The orchestrator merges each provider's `data` dict into
`email.analysis_context["<stage-name>"]["providers"]["<provider-id>"]`,
where downstream analyzers can read it via `email.ctx.provider(...)`.

## Knowledge Store

The Knowledge Store is the platform's RAG layer: context providers
deposit tagged documents, analyzers fetch them on demand.

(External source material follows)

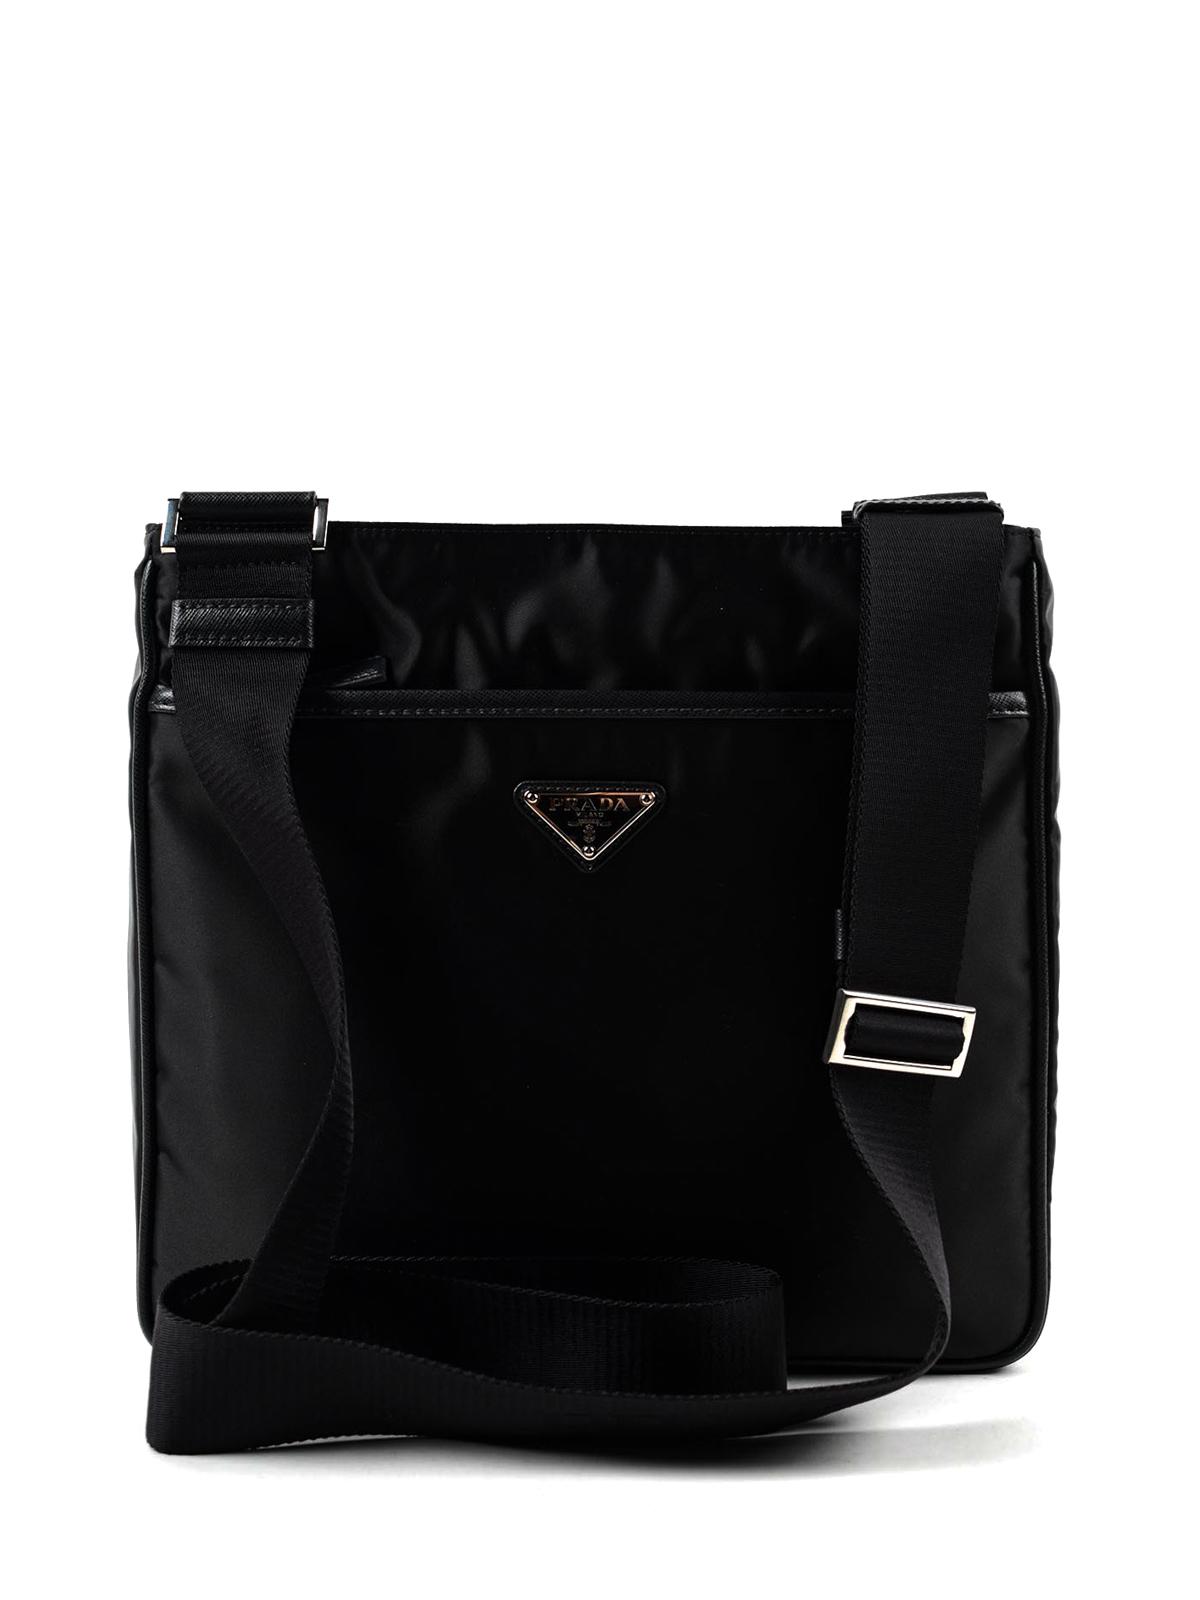 0e91acbeee34 Prada - Saffiano and nylon messenger bag - shoulder bags - 2VH269064 002
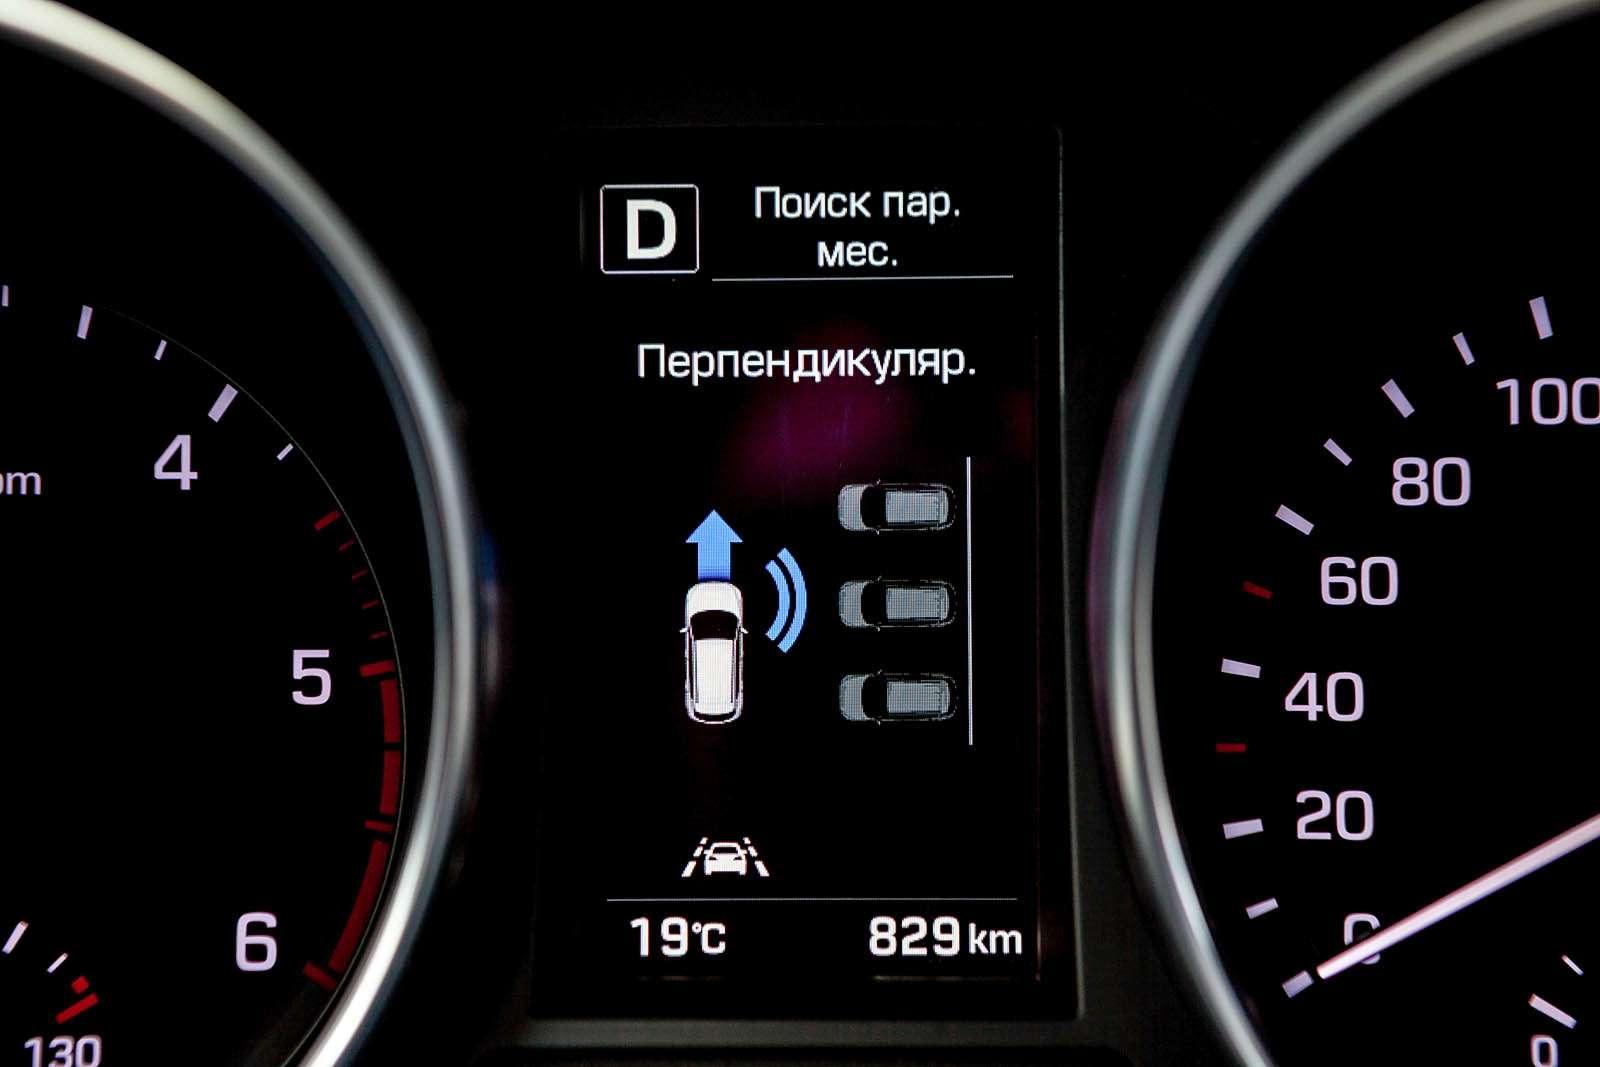 Обновленный Hyundai Grand Santa Fe: первый российский тест-драйв— фото 593791

Neither side
references the other — they share only the tag vocabulary.

```python
from spot_sdk import KnowledgeClient, KnowledgeDocument, KnowledgeTag, chunk_text
```

### Ingestion (providers)

Upsert is idempotent on `id`. Use stable deterministic ids so re-syncs
replace rather than duplicate.

```python
kb = KnowledgeClient(
    url=os.environ["SPOT_KNOWLEDGE_URL"],        # injected by installer
    api_key=os.environ["SPOT_INTERNAL_API_KEY"], # idem
)

await kb.bulk_upsert([
    KnowledgeDocument(
        id=f"employee:{e.email}",
        content=f"{e.name}, {e.title}, {e.department}",
        tags=[KnowledgeTag.EMPLOYEE, *([KnowledgeTag.EXECUTIVE] if e.is_exec else [])],
        metadata={"email": e.email, "title": e.title},
        source="provider-employee-dir",
    )
    for e in employees
])
```

For long content use `chunk_text(body, max_chars=2000, overlap=200)`
and upsert each chunk with `metadata["parent_id"]` set to the source
doc id.

### Consumption (analyzers)

```python
kb = KnowledgeClient.for_analysis(email)  # reads SPOT_KNOWLEDGE_URL +
                                          # email.retrieval_limits
docs = await kb.fetch(tags="employee+executive", text=email.sender, top_k=3)
```

Tag-expression syntax: `a`, `a+b` (AND), `a|b` (OR), `a+b|c`
(`(a AND b) OR c`). `+` binds tighter than `|`. Empty or `None` means
no tag filter.

Workflow-declared `retrieval_limits` (stage-level caps on `top_k` and
`min_score`) are enforced transparently by `for_analysis()` — the
analyzer doesn't need to know about them.

### Testing

```python
from spot_sdk.testing.fake_knowledge_client import FakeKnowledgeClient

kb = FakeKnowledgeClient()
await kb.upsert(KnowledgeDocument(id="e:a", content="Alice", tags=["employee"]))
assert (await kb.fetch(tags="employee", text="Alice"))[0].id == "e:a"
```

## Available Models

### Analyzer Service (`spot_sdk.analyzer`)
- `Email` - Email data structure
- `EmailHeader` - Email header fields
- `Attachment` - Email attachment
- `AnalysisResult` - Analysis results
- `AnalysisIndicator` - Phishing indicators
- `ThreatLevel` - Threat level enum

### API Gateway (`spot_sdk.api_gateway`)
- `AnalysisRequest` - Analysis request
- `AnalysisResponse` - Analysis response
- `ConfigRequest` - Configuration request
- `ConfigResponse` - Configuration response

### Workflow (`spot_sdk.workflow`)
- `Workflow`, `WorkflowStage`
- `AnalyzerConfig`, `ContextProviderConfig`
- `RetryConfig`, `FailureStrategy`

### Plugin vocabulary (`spot_sdk.plugin`)
- `PluginKind` - `ANALYZER` | `CONTEXT_PROVIDER`

### Enrichment (`spot_sdk.enrichment`)
- `EnrichmentResult` - Returned by context providers from `/internal/enrich`

## Requirements

- Python 3.11+
- pydantic >= 2.0.0
- httpx >= 0.25.0
- typing-extensions >= 4.8.0

## Development

This SDK is automatically generated from OpenAPI specifications. 
Do not modify generated files directly - update the OpenAPI specs instead.

## Version

Current version: 1.0.0

Generated from SPOT Contracts repository.